Supplied information START
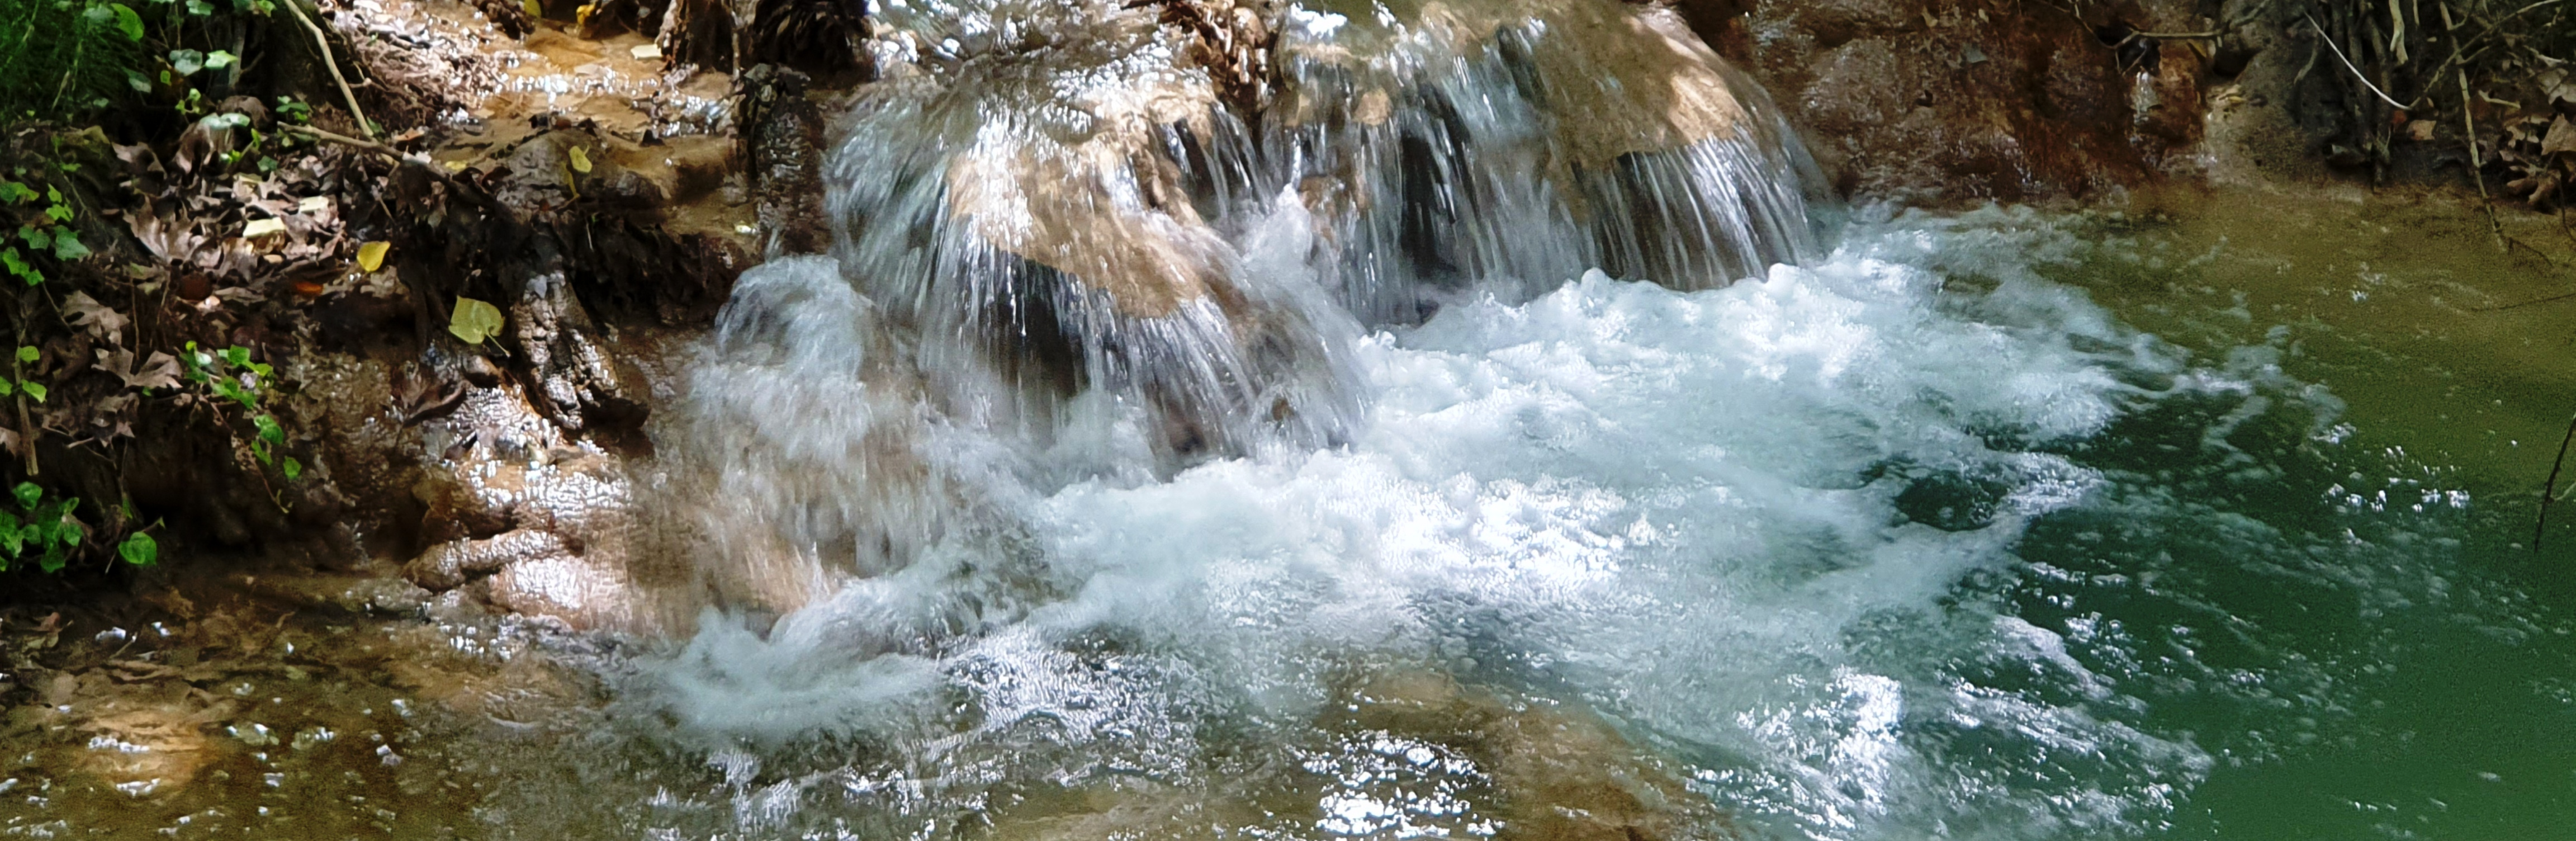 Wandeling3-Banner01-Waterfalls
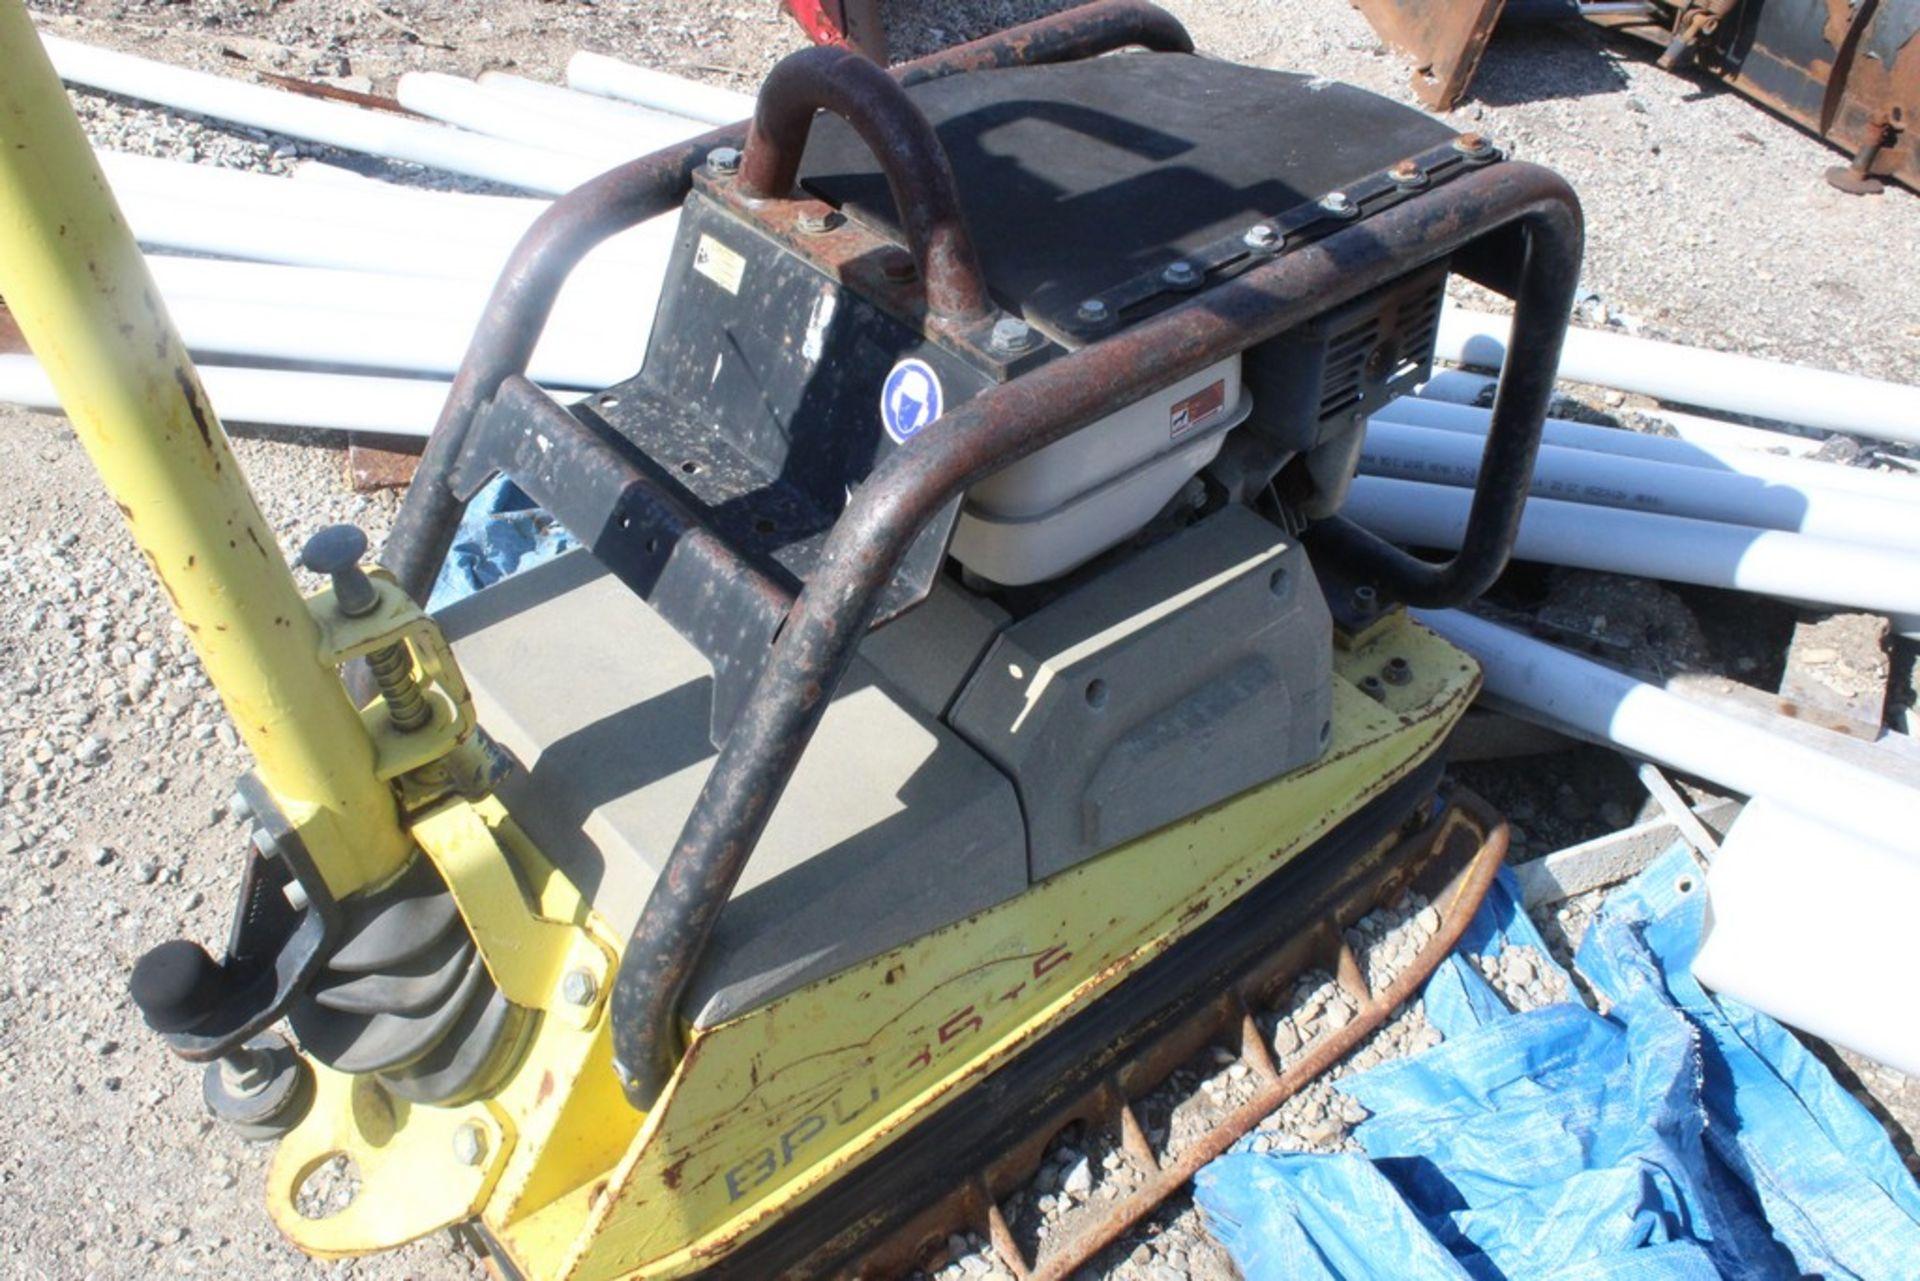 2005 WACKER MODEL BPU3545A REVERSIBLE VIBRATORY PLATE COMPACTOR S/N: 1565711 (2007), HONDA GX270 ( - Image 2 of 3
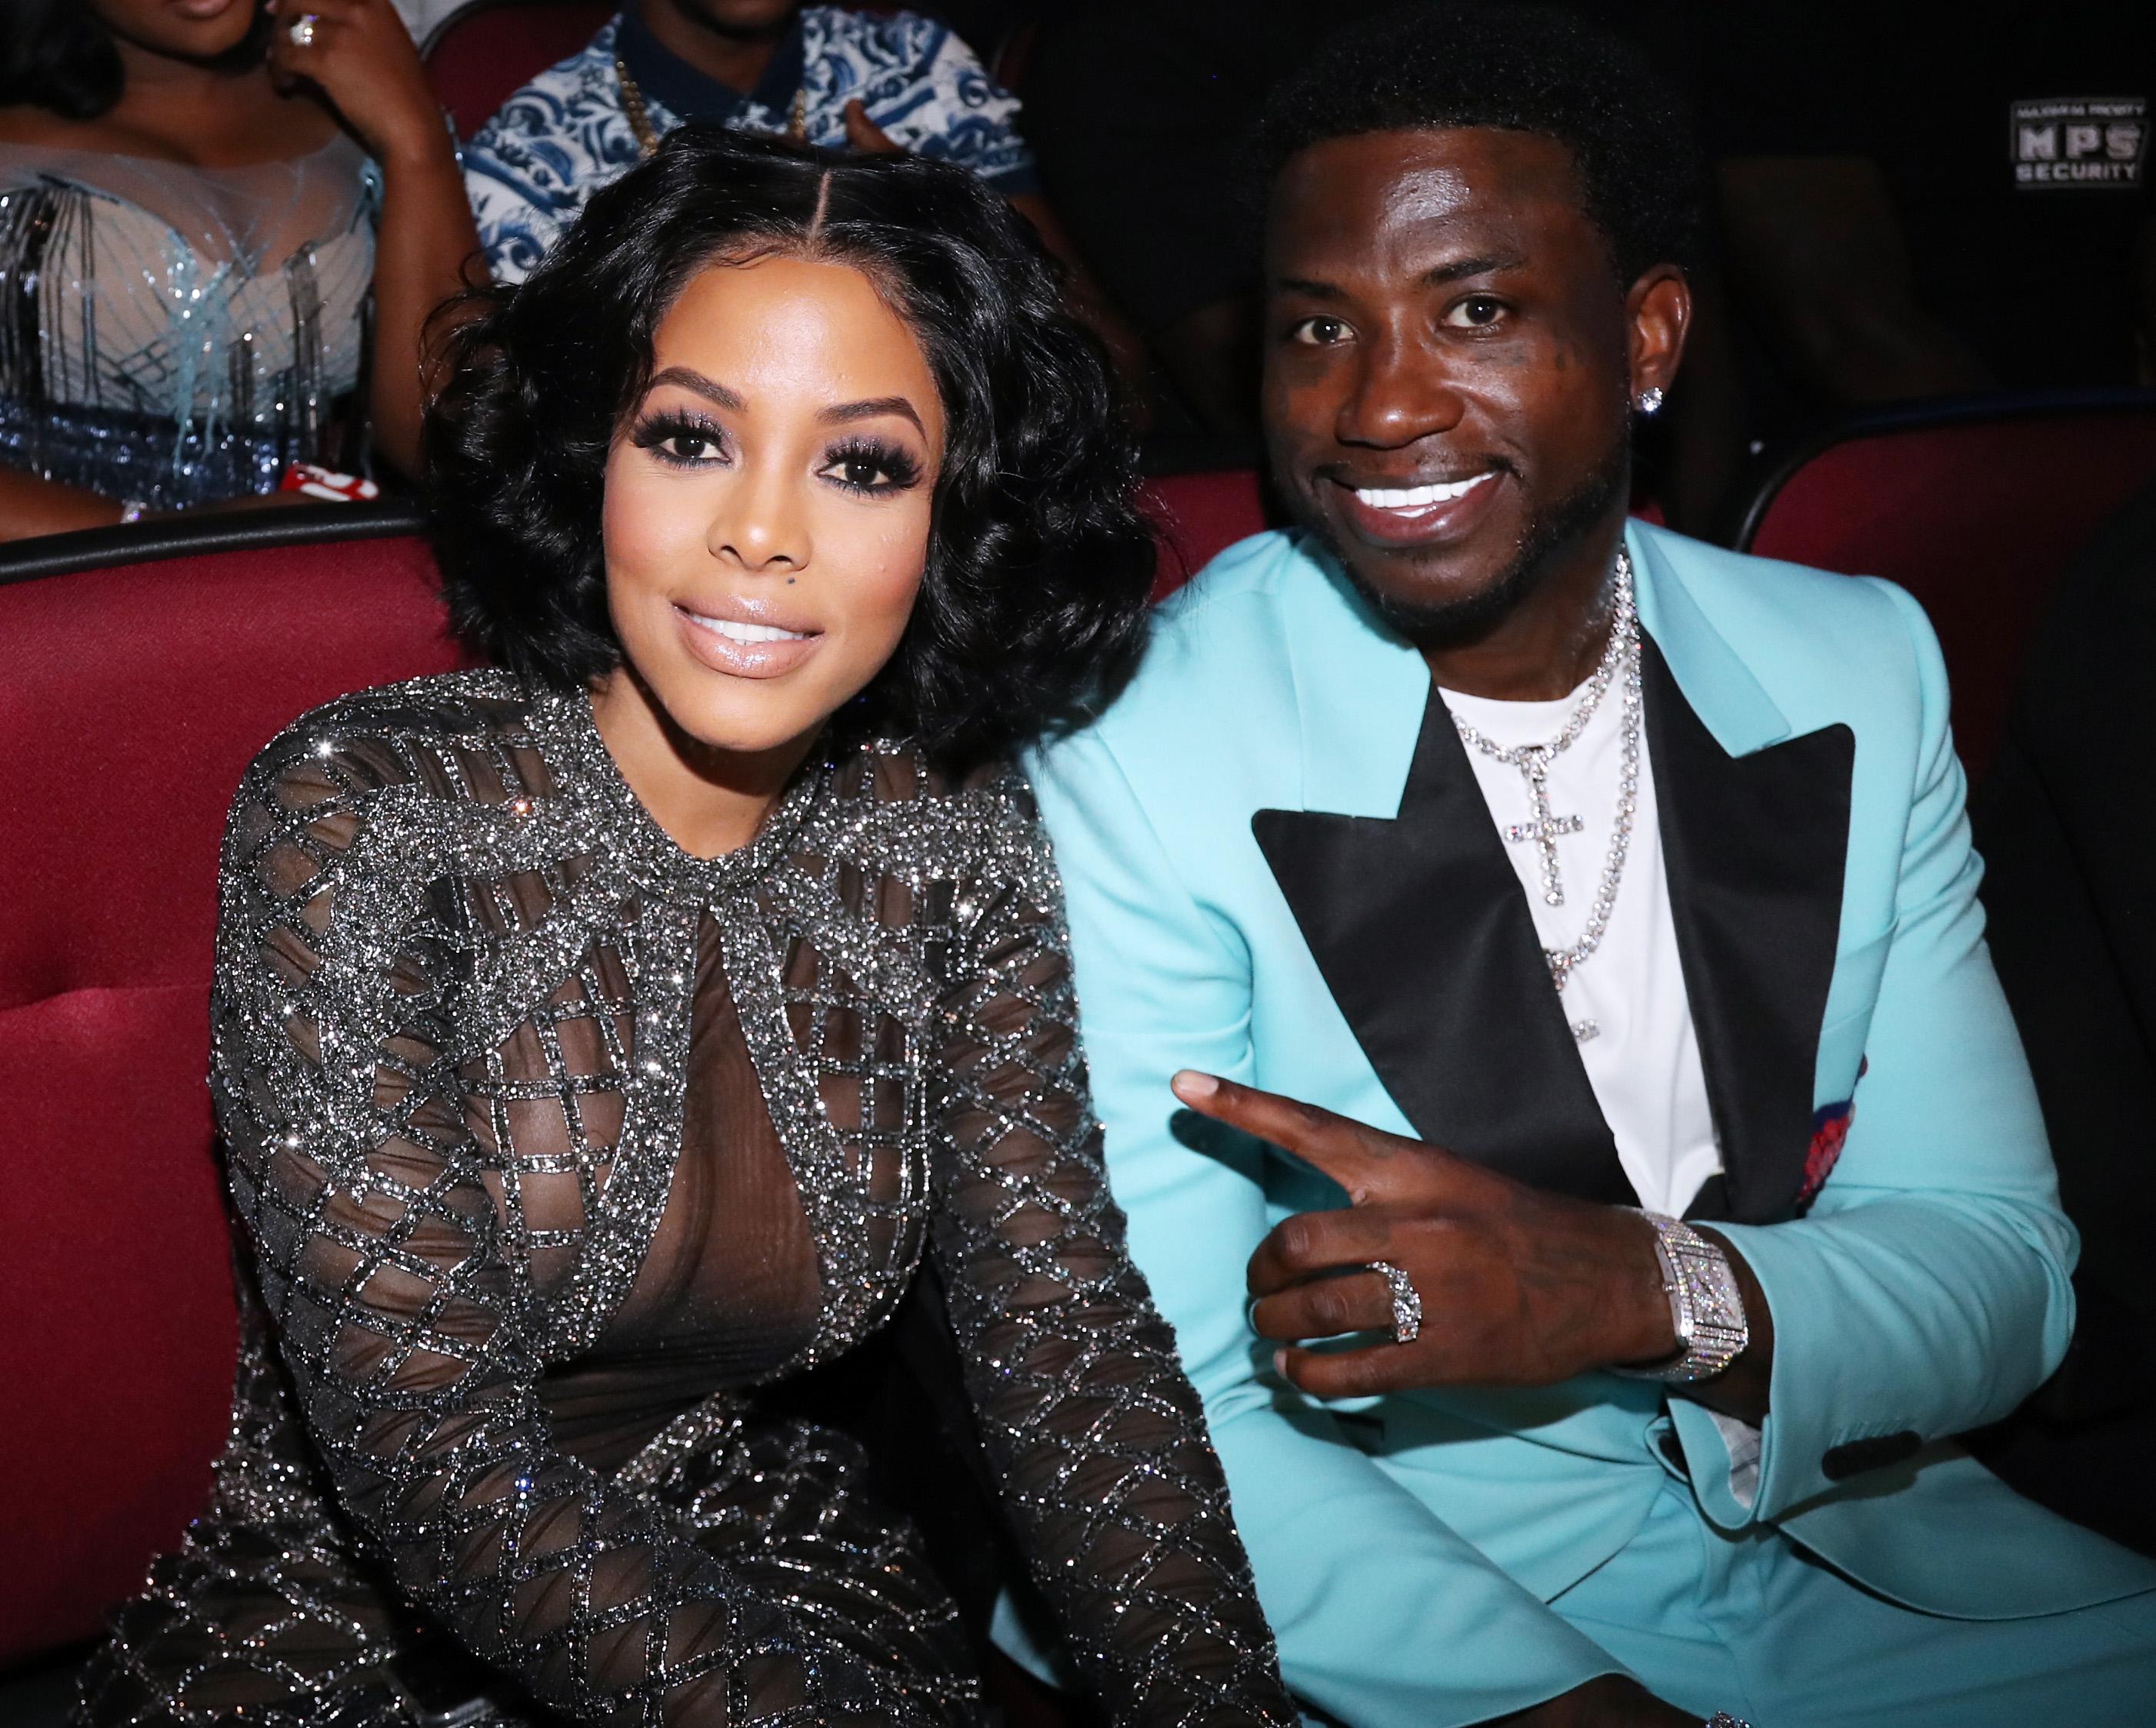 Husband and wife: Gucci Mane and Keyshia Ka'oir
Supplied information END
## Exercise goal
Write out all of the data above exactly, without any of its pictures.

## Task result
 Wandeling3-Banner01-Waterfalls
 2005 WACKER MODEL BPU3545A REVERSIBLE VIBRATORY PLATE COMPACTOR S/N: 1565711 (2007), HONDA GX270 ( - Image 2 of 3
 Husband and wife: Gucci Mane and Keyshia Ka'oir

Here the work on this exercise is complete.